BOOK REVIEW #91 - ROSEBLOOD
In this modern day spin on Leroux’s gothic tale of unrequited love turned to madness, seventeen-year-old Rune Germain has a mysterious affliction linked to her operatic talent, and a horrifying mistake she’s trying to hide. Hoping creative direction will help her, Rune’s mother sends her to a French arts conservatory for her senior year, located in an opera house rumored to have ties to The Phantom of the Opera.
At RoseBlood, Rune secretly befriends the masked Thorn—an elusive violinist who not only guides her musical transformation through dreams that seem more real than reality itself, but somehow knows who she is behind her own masks. As the two discover an otherworldly connection and a soul-deep romance blossoms, Thorn’s dark agenda comes to light and he’s forced to make a deadly choice: lead Rune to her destruction, or face the wrath of the phantom who has haunted the opera house for a century, and is the only father he’s ever known.
Well, this is definitely not for me I guess. Throughout the whole damn book, I was like “Meh.” Phantom of the Opera is new to me. I have watched neither the film nor did I read the book. But for the storyline, I picked it up from Wikipedia. I will blame the cover because it lured me in the pretense of giving me some darkness to behold. Basically, I love to writhe in darkness. But what I got is the combination of some weird things. It doesn’t feel creepy but somehow it weirds me out. And most of the time it was just blank for me.
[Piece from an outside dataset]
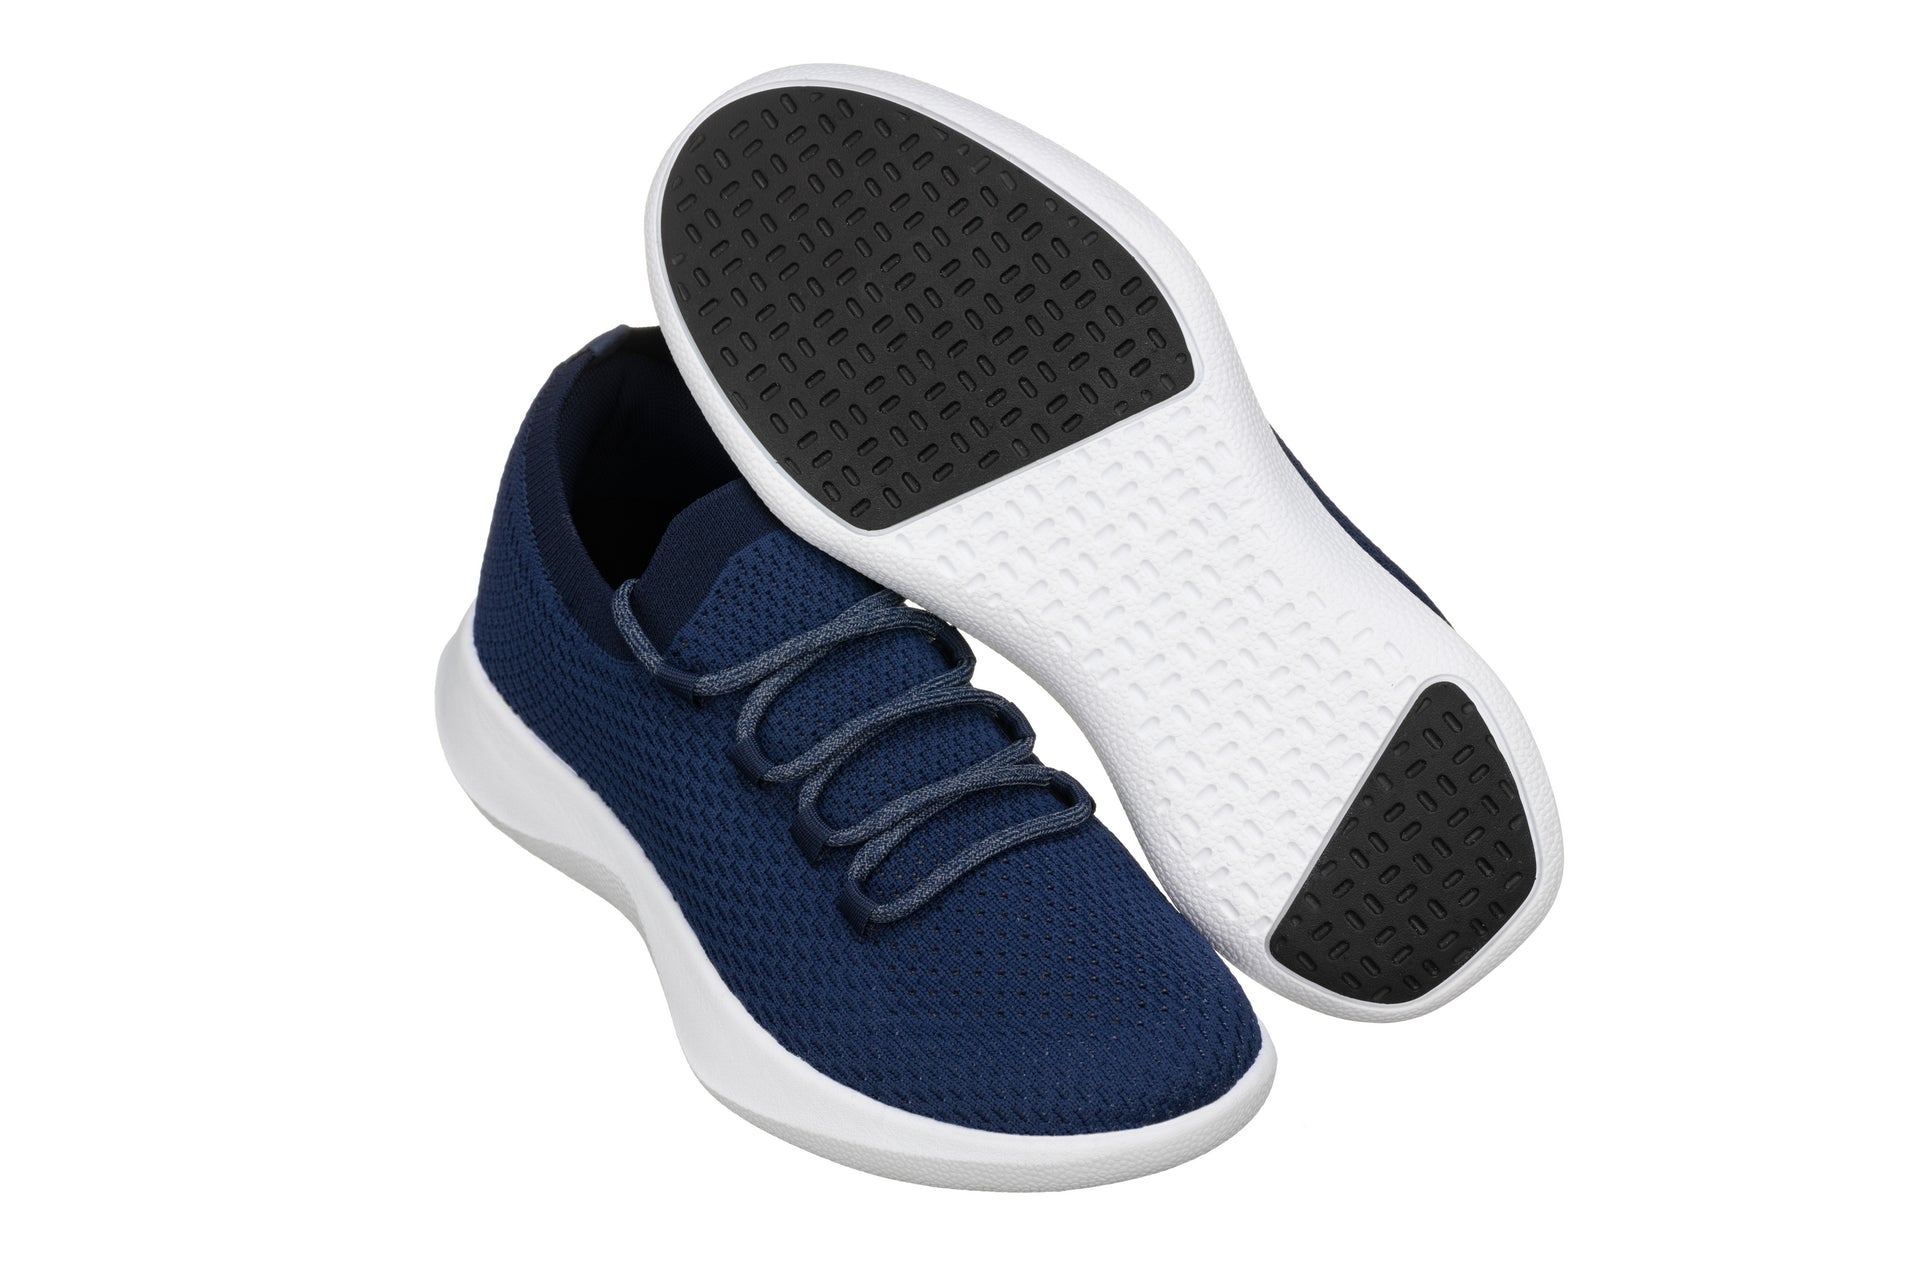 Elevator shoes height increase CALTO - Q084 - 2.4 Inches Taller (Blue/Grey) - Ultra Lightweight Sneakers

Bleeding rose, ghostly cat, sudden urge to break out a damn song in the middle of nowhere, the ploy with mannequins, dead birds and the shadow of the tell-tale Opera Ghost. If these things didn’t feel weird, then I don’t know what it is. It would crap the hell out of everyone (including myself) if you think someone is watching over your every move. And I would be pissed off even more if I’m the only one who can see them. But after living and hunting with Dean and Sam, I’m sure I’m holding up fine. (A perfect time to let you know guys that I started
to watch Supernatural and god I’m obsessed with DEAN. He is EVERYTHING. I don’t get attached to someone easily, but if I did I can’t control my freaking emotions.
BECAUSE I’M CRYING MY
HEART OVER EVERYTIME I SEE DEAN
LOSING IT) Okay, now I’m leading the track somewhere. So I’ll stop
Was the setting admirable? Learning music in (haunted) opera house doesn’t happen often, though. And I would love to explore the house even when it was rumored to be haunted. There is the need to talk about the writing. It is gorgeous and dreamy. I constantly drifted off from the story. The romance between Rune and Etalon was burning. God, I loved the electric streams. The soul connection burned me even before they touched. The intensity of it made me see the stars. At least for the writing, I would add her other works to my ever growing tbr pile.
I don’t know anything about the Phantom. Maybe that’s why I expected him to show his power every often. Sure he is one hell of a manipulator with his voice alone. The music from his mouth definitely leads the way to destruction. The pain, the sorrow, and the madness that love could bring. Geez, his madness reached a level even I felt pity towards him. He plans stuff for everyone. He saves a child from some bastards and gave him a roof to live under. If that isn’t kindness (Even though he had some ulterior motives behind it), then what is? But I don't care for the characters. NOT AT ALL.
MUSIC. Even though I don’t have any talent in music, the longing to learn some musical instruments is strong. This book built a solid foundation for it too. And you know what? I had this sudden urge to break into a song (Opera Style) in the middle of the road/class/bus. I can do that on my home but outside it has become hard. #struggles
Overall, I was not impressed. I’m sad. Maybe I need to watch the movie?